Example output — ~7,000 water molecules added, system now contains ~130k atoms total.

Real biological systems contain salt. More importantly, the system must have zero net charge — a charged simulation box causes artifacts in the long-range electrostatics calculation. The gmx genion command replaces randomly chosen water molecules with Na⁺ and Cl⁻ ions to neutralize the system and reach physiological ionic strength.

Adding ions requires a pre-processed run input file. First generate this with grompp using a minimal ion-addition MDP file:

cat > ions.mdp << 'EOF'
; Minimal settings for ion addition — not a real simulation
integrator  = steep
nsteps      = 0
EOF

gmx grompp \
  -f ions.mdp \
  -c solvated.gro \
  -p topol.top \
  -o ions.tpr \
  -maxwarn 1

gmx genion \
  -s ions.tpr \
  -o system.gro \
  -p topol.top \
  -pname NA \
  -nname CL \
  -neutral \
  -conc 0.15

When prompted to select a group to replace with ions, choose SOL (the solvent group). GROMACS will replace randomly selected water molecules with ions, printing a summary of how many Na⁺ and Cl⁻ were added. The -neutral flag ensures the system charge is exactly zero; -conc 0.15 adds additional ions to reach 0.15 mol/L — standard physiological salt concentration.

Crystal structures frequently contain small steric clashes — atoms slightly too close to each other due to crystallographic averaging or limited resolution.

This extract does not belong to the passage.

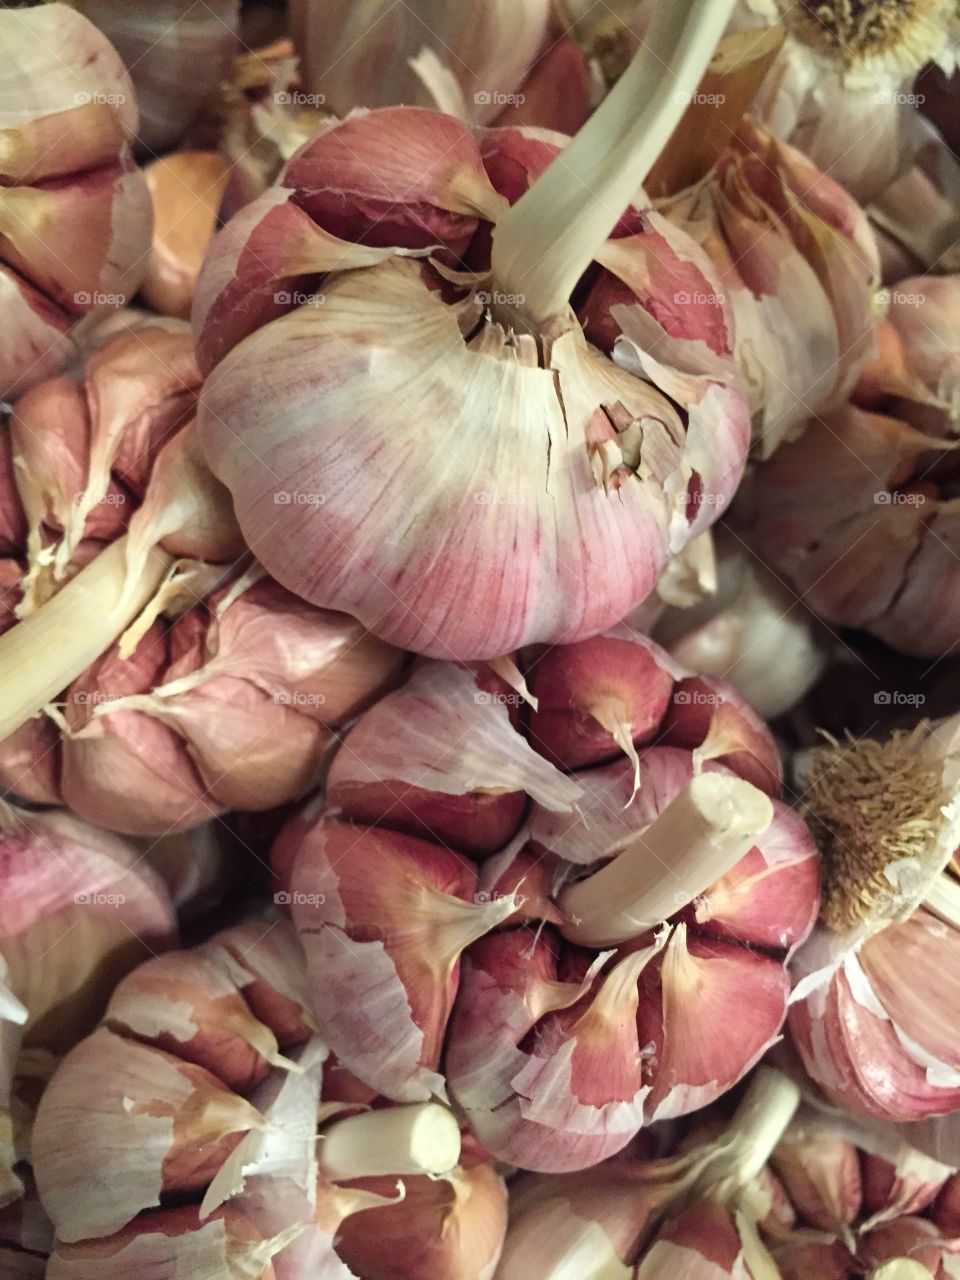 Only garlic

Running dynamics on a system with clashes immediately generates enormous forces that crash the simulation. Energy minimization moves atoms to relieve these conflicts before any dynamics start.

First create the minimization parameters file:

cat > minim.mdp << 'EOF'
; Energy minimization settings
integrator      = steep     ; Steepest descent algorithm
emtol           = 1000.0    ; Stop when max force < 1000 kJ/mol/nm
emstep          = 0.01      ; Step size
nsteps          = 50000     ; Maximum steps

; Non-bonded settings
nstlist         = 1
cutoff-scheme   = Verlet
ns_type         = grid
coulombtype     = PME
rcoulomb        = 1.2
rvdw            = 1.2
pbc             = xyz
EOF

Pre-process into a binary run input file, then run minimization:

# Pre-process
gmx grompp \
  -f minim.mdp \
  -c system.gro \
  -p topol.top \
  -o em.tpr

# Run minimization (uses all available CPU cores by default)
gmx mdrun \
  -v \
  -deffnm em

The -v flag prints progress to the terminal so you can watch the potential energy drop. A successful minimization converges — the maximum force drops below the emtol threshold of 1000 kJ/mol/nm. This typically takes 100–500 steps and a few seconds to minutes depending on system size.

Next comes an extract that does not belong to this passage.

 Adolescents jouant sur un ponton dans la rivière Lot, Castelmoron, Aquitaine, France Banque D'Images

Successful minimization — Fmax drops below 1000 kJ/mol/nm and GROMACS reports "converged".

If minimization does not converge after 50,000 steps, or if the potential energy becomes Inf or NaN, there is a structural problem in your input — usually severe steric clashes from a missing or incorrect preparation step. Check that you removed crystal waters, that the box is large enough, and that genion ran correctly.

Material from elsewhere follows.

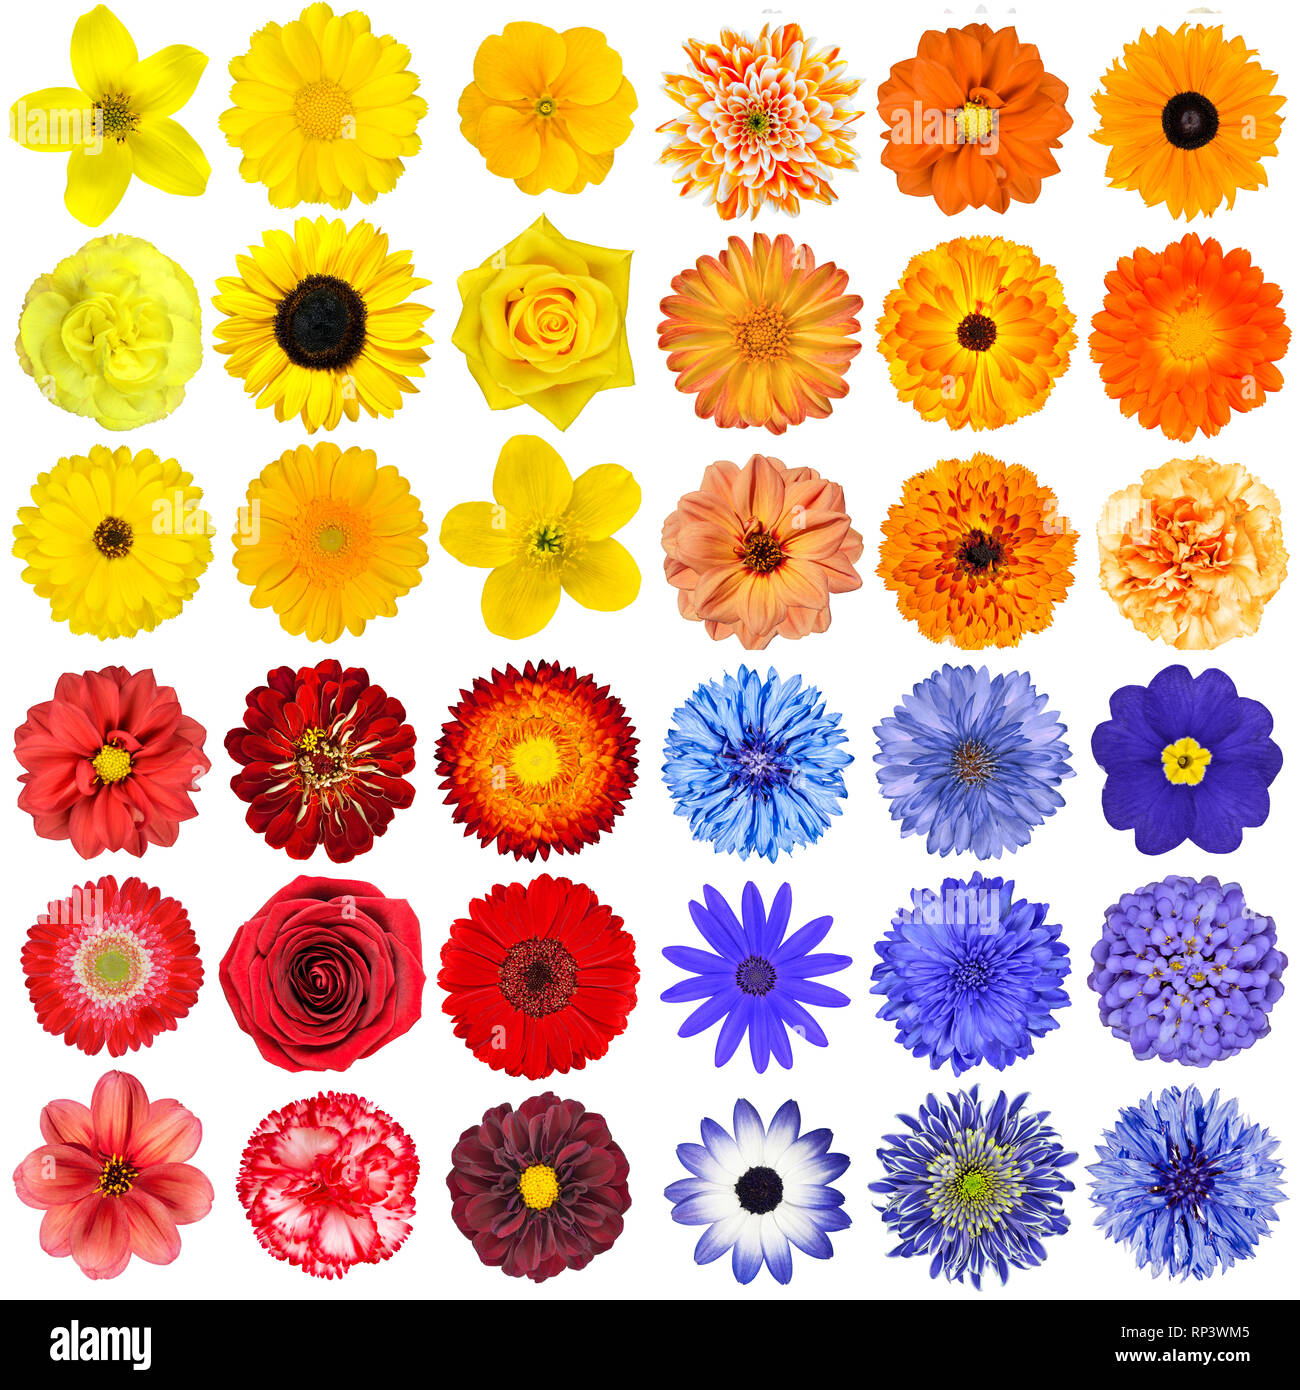 Große Auswahl von verschiedenen Orange, Violett, Blau und Rot Blumen isoliert auf weißem Hintergrund. Blumen sind Rosen, Dahlien, Sonnenblumen, Rose, Ringelblume, Stockfoto

Verify the minimized structure

Extract and plot the potential energy over the minimization to confirm it decreased smoothly:

# Extract potential energy
echo "Potential" | gmx energy -f em.edr -o potential.xvg

# Check final value is large negative number (more negative = better)
tail -3 potential.xvg

A properly minimized system has a large negative potential energy — for lysozyme in water, expect roughly −5.8 × 10⁵ kJ/mol. The exact value matters less than confirming it's negative and stable.